The aim of the course is to provide knowledge and understanding of the concepts of product design, which uses a design-thinking toolbox to create prototypes for different market segments. It provides capabilities and competencies to enable product design in a team-work environment. The prototyping will use Rhino3D for CAD design followed by 3D printing. Students will learn about design guidelines, materials choices, and gain hands-on experience in product realization. It is a comprehensive course that explores the synergy between the creative design process and the practical aspects of efficient and effective manufacturing. Participants will embark on a journey through the entire product lifecycle, from initial design ideation to the intricacies of production and quality control. The curriculum covers fundamental principles of design thinking, CAD tools, materials selection, and manufacturing processes.

This course offers an in-depth exploration of Digital Health and the Biodesign innovation process. Students will engage academic and industrial experts in a dynamic learning environment, tackling realworld digital health challenges.
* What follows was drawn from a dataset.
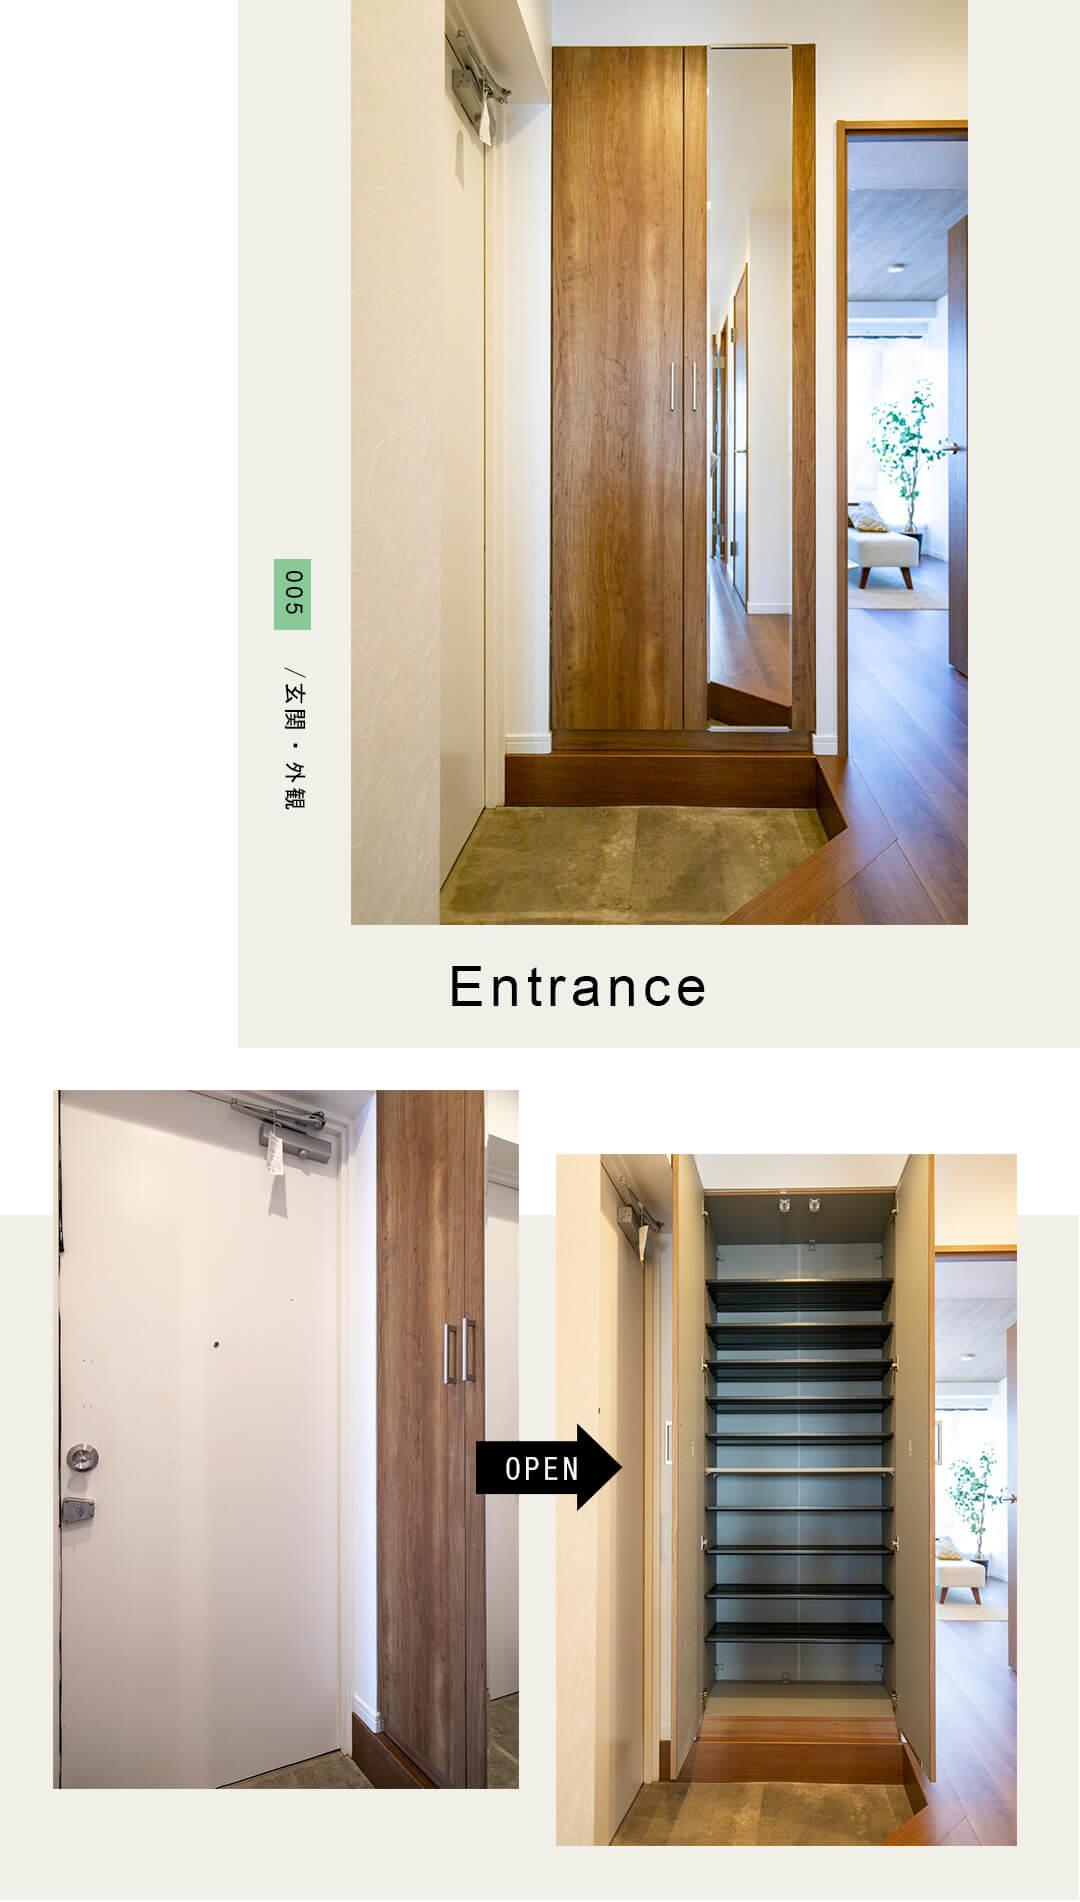 005,Entrance,玄関

The curriculum emphasizes the application of biodesign principles in identifying needs, ideating solutions, and evaluating them against key criteria. The course is designed for individuals seeking a profound understanding of the intersection between biology, technology, and healthcare. This course uniquely integrates principles of biodesign with cutting-edge digital health technologies, offering a comprehensive exploration of innovative solutions in the rapidly evolving healthcare landscape. Participants will embark on a journey through the fundamentals of biodesign, learning to identify unmet healthcare needs, ideate bio-inspired solutions, and develop prototypes that leverage the latest advancements in digital health. The curriculum encompasses topics such as biosensors, wearable devices, data analytics, and artificial intelligence applied to healthcare. Through hands-on projects, case studies, and collaboration with industry experts, learners will gain practical experience in designing and implementing biotechnological solutions for digital health challenges. The course also addresses ethical considerations, regulatory aspects, and the business implications associated with biodesign in the digital health domain.